Tobias disregarded the sardonic edge to her voice, his expression almost leering as his eyes ran appreciatively over the soft swell of her breasts inside its green velvet, and the long column of her slender neck, the bright flame of her lips.
‘That question could be settled with no discussion at all,’ he murmured softly, ‘and conversation is not what I have in mind.’
Rowena gasped and felt a scalding heat creeping over her. His words, though spoken in hushed tones, tore through her with more force than all her father’s blustering demands could ever do. ‘How dare you?’ she hissed, lifting her slim nose to a lofty angle, her eyes dark and dangerous. ‘You are insolent, Mr Searle, and you have a propensity to say things that go beyond the bounds of proper behaviour.’
His eyes glowed in the warm light of the sun as he gave her a lazy smile. ‘Your endearments intrigue me, Rowena—but why so hostile towards me? What is it in me that arouses this anger, this dislike you have of me? Your father owes me, that I freely admit, but I am no black-hearted villain.’
‘I would hardly expect you to admit it if you were,’ she retorted crisply.
‘I am a fairly honest man in my dealings with others. I have offered you no injury, not ever, and nor will I. Rather the opposite. I admire a woman who knows what she wants and goes directly for it, whatever the consequences, and you really are a lovely woman, Rowena. We could be splendid together, you and I, well matched, if you take my meaning, so I am at a loss as to why you seem to find me so objectionable.’ He was still smiling, nudging his horse forward until it was alongside her own.
Rowena drew herself up to her full height and pulled her horse back, as though to ward him off, as though he was about to make some physical attack of her, and the look she gave Tobias Searle was one of icy disdain. ‘I want nothing from you in any way. I would sooner starve and see my family homeless than have anything to do with the likes of you.’
He laughed low in his throat and in one effortless motion he reached out and, finding her waist, drew her close, their horses coming together as though in collusion. ‘Shall I show you how thinly veiled your insults are, Rowena? Shall I show you what it is like to be kissed by a real man?’
His taunting grin and the strength of his arms made her realise the folly of baiting him. ‘Kindly let go of me,’ she demanded, struggling to free herself, but she was held in an unyielding vice and there was no getting away.

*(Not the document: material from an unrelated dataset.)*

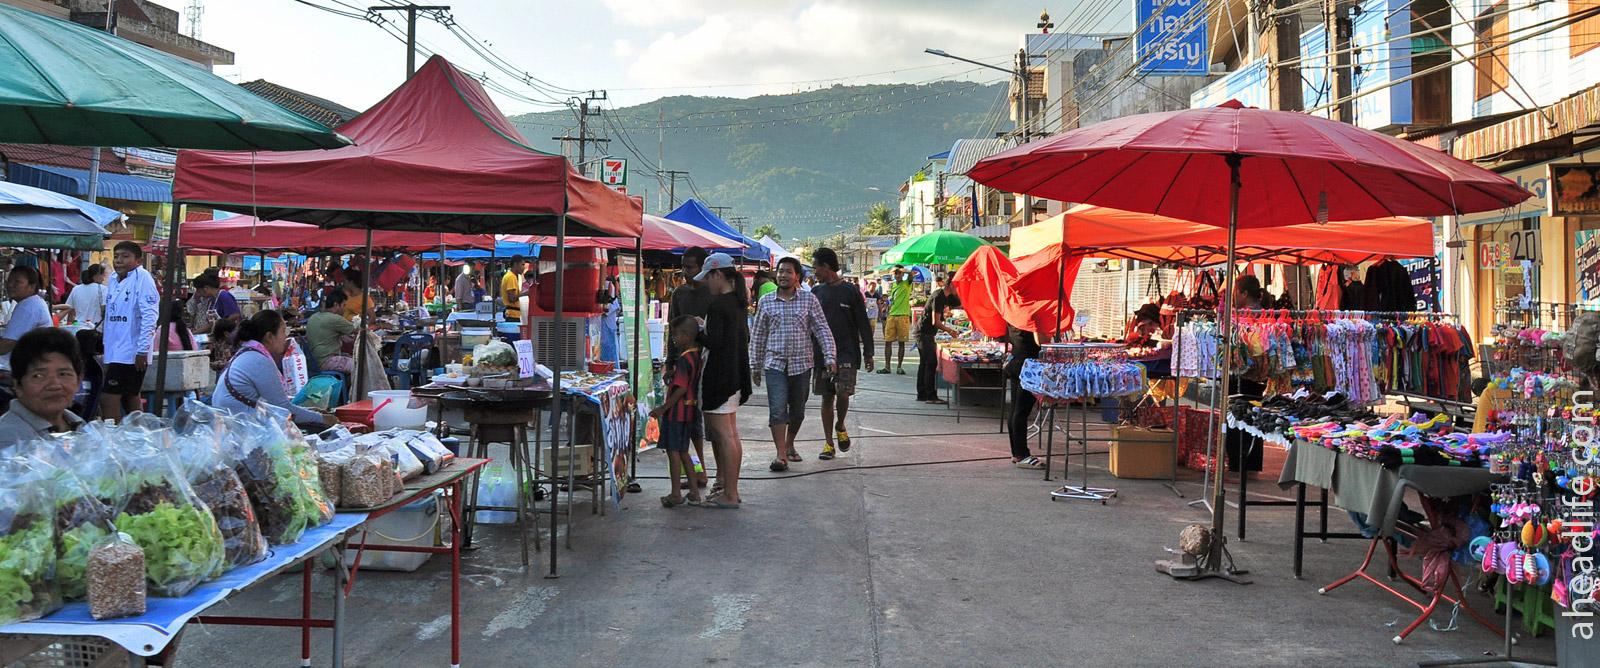 night market in Khanom

In the next instant his head had descended to hers and his lips had found their target. Rowena’s world careened crazily. His mouth was insistent, demanding, relentless. She drew a sharp breath to scream her outrage, but his mouth smothered her outcry. Her head whirled and she struggled against the intoxication of his kiss.
Tobias’s lips moved warmly, strongly, until he felt hers soften beneath his own and she ceased to struggle, her mouth forced to open beneath his mounting ardour. When it, did his tongue slipped between her lips and within to taste leisurely the full sweetness of her mouth. She had never experienced anything quite like that first kiss, feeling a hot sweetness flow through her body, and her mouth clung desperately, honey sweet and swollen. He was devouring her lips in a searing flame that shot through her like a rocket.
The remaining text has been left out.